Methodology
How we verify every festival fact.
Every claim on a FestivalMates festival page — date, venue, capacity, stages, ticket price, transport, camping — traces to a primary source. We re-fetch those sources on a weekly cron and a human reviews before anything publishes. No AI-recalled facts. No "trust me bro."
What counts as a primary source
We treat exactly four categories as primary, in order of trust:
- The festival's official website.
- The festival's official ticketing page (when it's a separate domain — e.g. paylogic, see-tickets).
- The festival's official lineup page or sub-domain.
- Official, verified social channels — Instagram, X, Facebook, TikTok, YouTube — when the festival uses them to announce sale waves, lineup phases, or schedule changes.

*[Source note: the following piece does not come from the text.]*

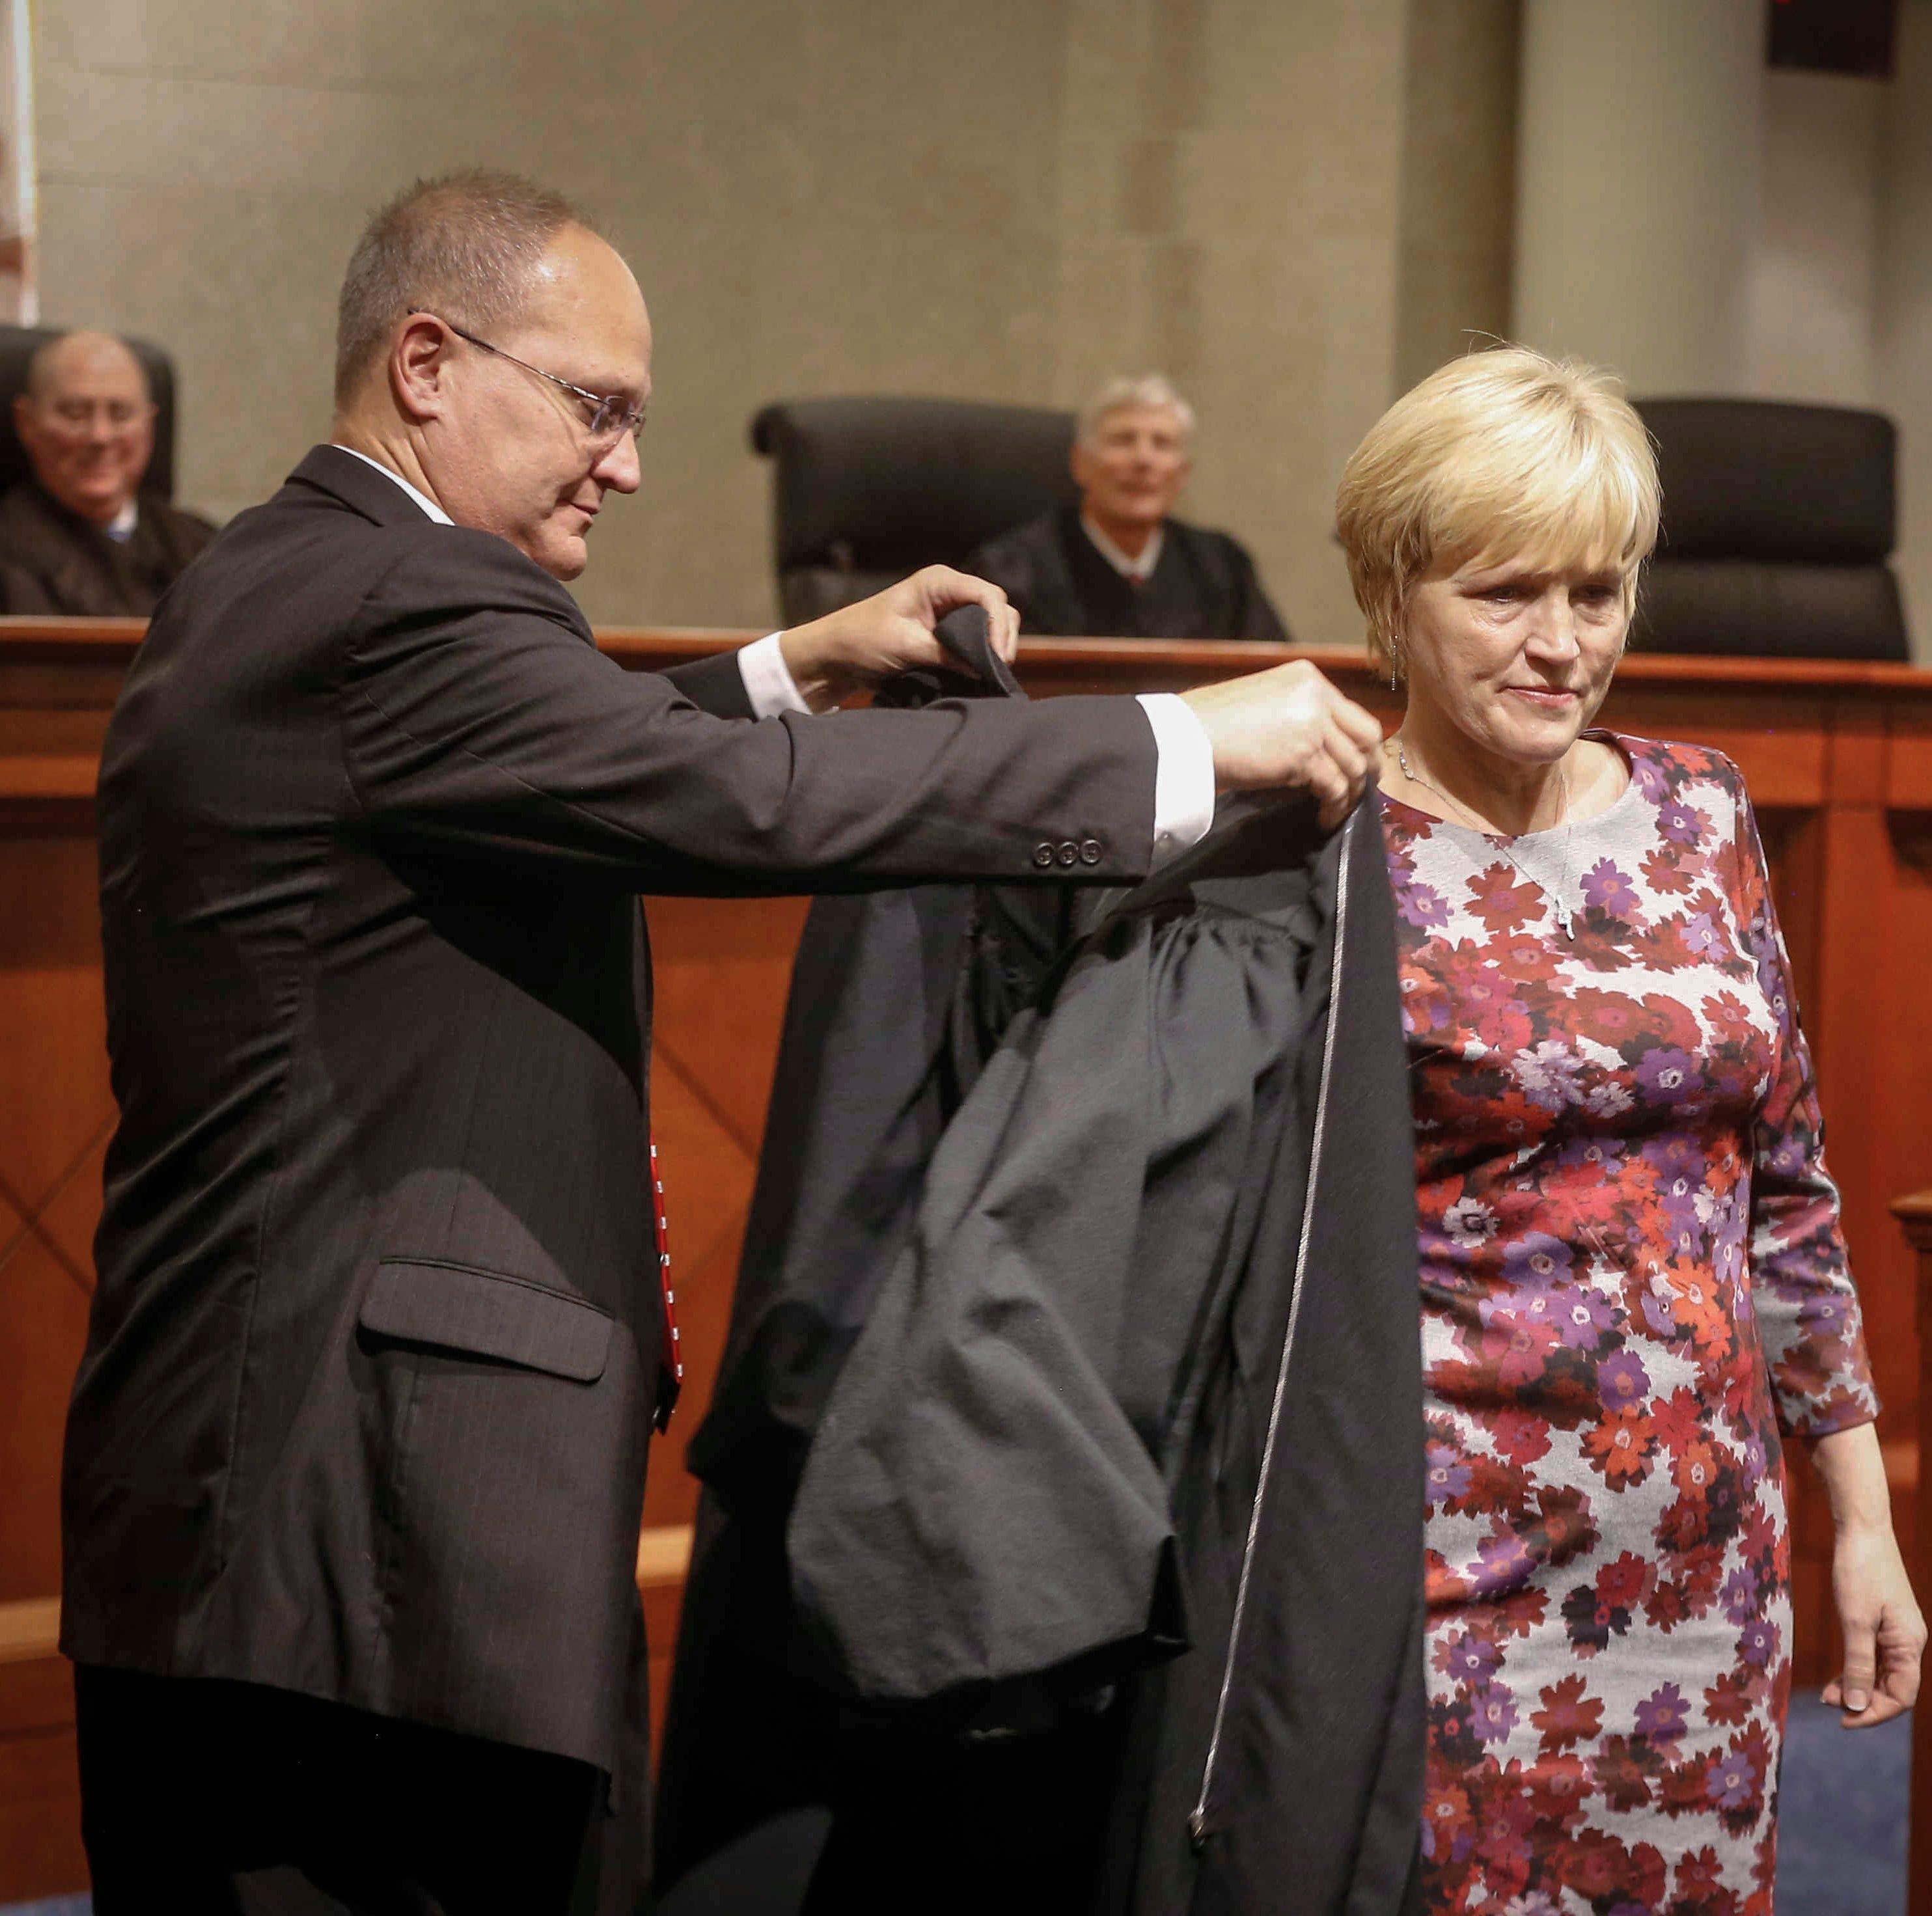 Susan Christensen sworn in as Iowa's newest Supreme Court justice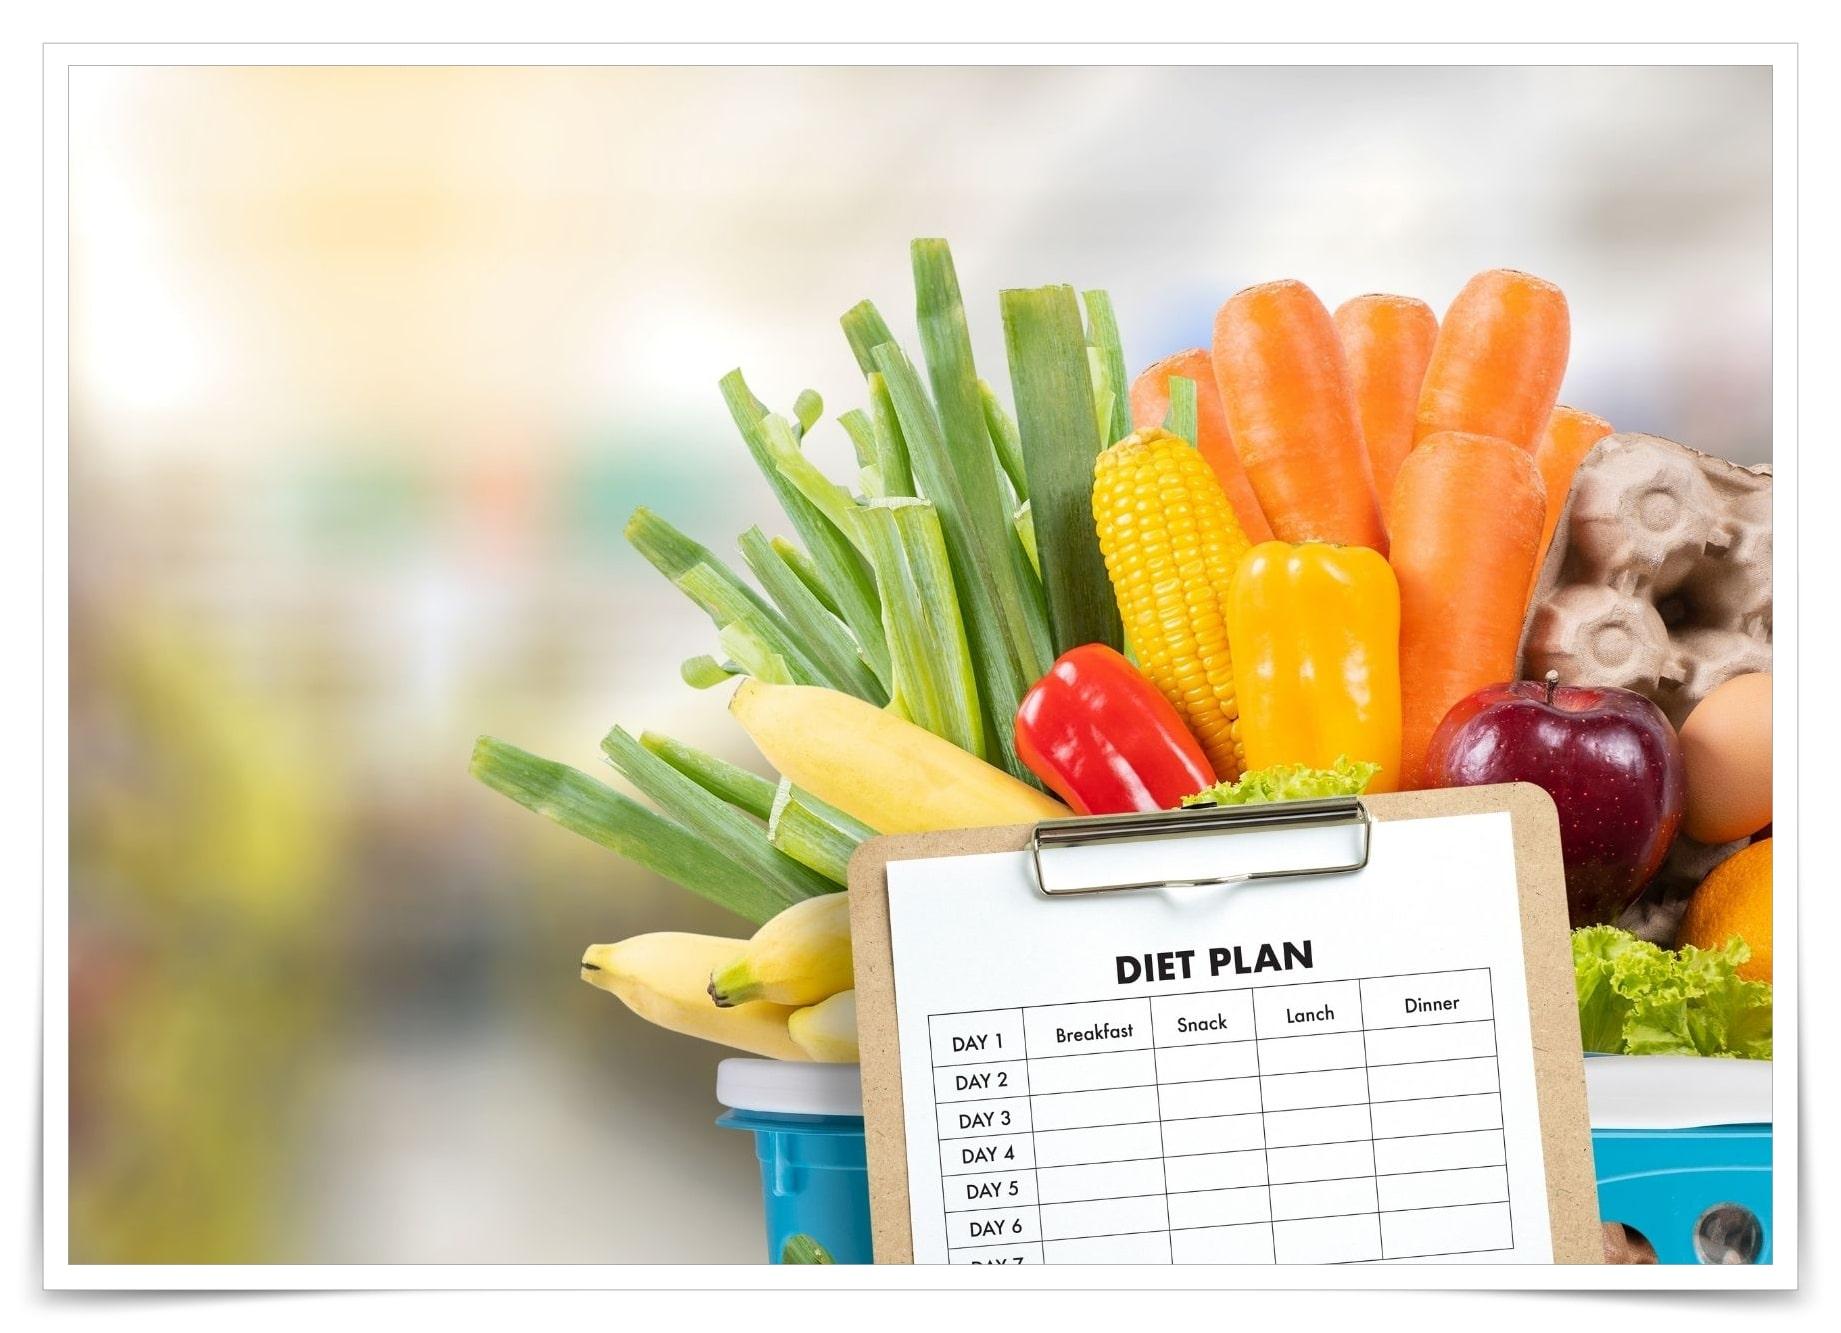 糖質,一日,摂取量,ダイエット,何グラム,女性,男性,50g,ロカボ,コンビニ

What we don't treat as primary: Wikipedia, fan blogs, ticket resellers, Resident Advisor event listings (often stale), DJ Mag / Mixmag (we cross-check, never cite), and — critically — AI training data. LLMs restructure verified facts on this site; they never recall.
The four-stage pipeline
Every fact moves through four stages before it's published:
Stage A — Scrape
A weekly cron pulls each registered source URL, converts the HTML to markdown, and stores the raw content with a hash. No LLM in this stage — just primary-source HTML in, markdown out. If the URL fails, the festival is flagged in the admin queue.
Stage B — Extract
An LLM reads the scraped markdown and extracts structured facts (date, venue, capacity, stages, etc.) WITH per-fact source citations. Facts that can't be cited from the scrape are dropped — no recall, no inference.
Stage C — Write
A second LLM pass writes natural-language editorial copy (Pro Tips, transport, camping, schedule clashes) — but only from facts already extracted in Stage B. The editorial inherits the same source URLs as the underlying facts.
Stage D — Re-verify
A weekly cron re-scrapes every source URL and content-hash-diffs it against the previous snapshot. Changes flag the festival for human review. Editorial older than 90 days without a re-verification is auto-marked stale and hidden from the public surface.
Freshness signals on every festival page
Look for the panel labelled Data & sources or Sources we track at the bottom of any festival page. There are three states:
- Verified todayEditorial published, last human re-verification within 7 days. Gold standard.
- Sources we trackSources registered and re-fetched weekly, but no human-reviewed editorial on this festival yet. Treat lineup and date info as tracked, not verified.
- Verified 3 months agoEditorial is older than the freshness threshold. We're re-running verification.
Known scope and bias (we'll be honest)
We're a small team, and the catalogue reflects that:
- Genre coverage tilts techno / house. The initial 170 festivals lean toward European techno and house circuits. US bass and dubstep festivals (Lost Lands, Bass Canyon, Wakaan, Imagine, Forbidden Kingdom, EDC variants) are underrepresented as of May 2026. Catalogue expansion is the next active track.
- Geographic skew is European. Most festivals are in Belgium, Netherlands, Germany, France, Spain, Italy, Portugal, Croatia, and the UK. Some US, Canada, and Australia. Latin America, Asia, and Africa are largely missing — flag a gap and we'll add it.
- Editorial coverage is partial. 12 of 169 festivals have full editorial copy published as of today. The rest show only registered sources + official lineup data. We're working through the backlog; you can tell which is which from the section header on each festival page.
Spot a wrong fact?
Email hi@festivalmates.com with the festival URL and the specific claim. We'll re-check against the primary source within 48 hours and either correct it, cite a stronger source, or flag the upstream source as unreliable. Correction logs go in the festival's editorial revision history.
We'd rather have no copy than wrong copy. A festival page without a Pro Tips section is fine. A festival page with wrong Pro Tips is reputational damage.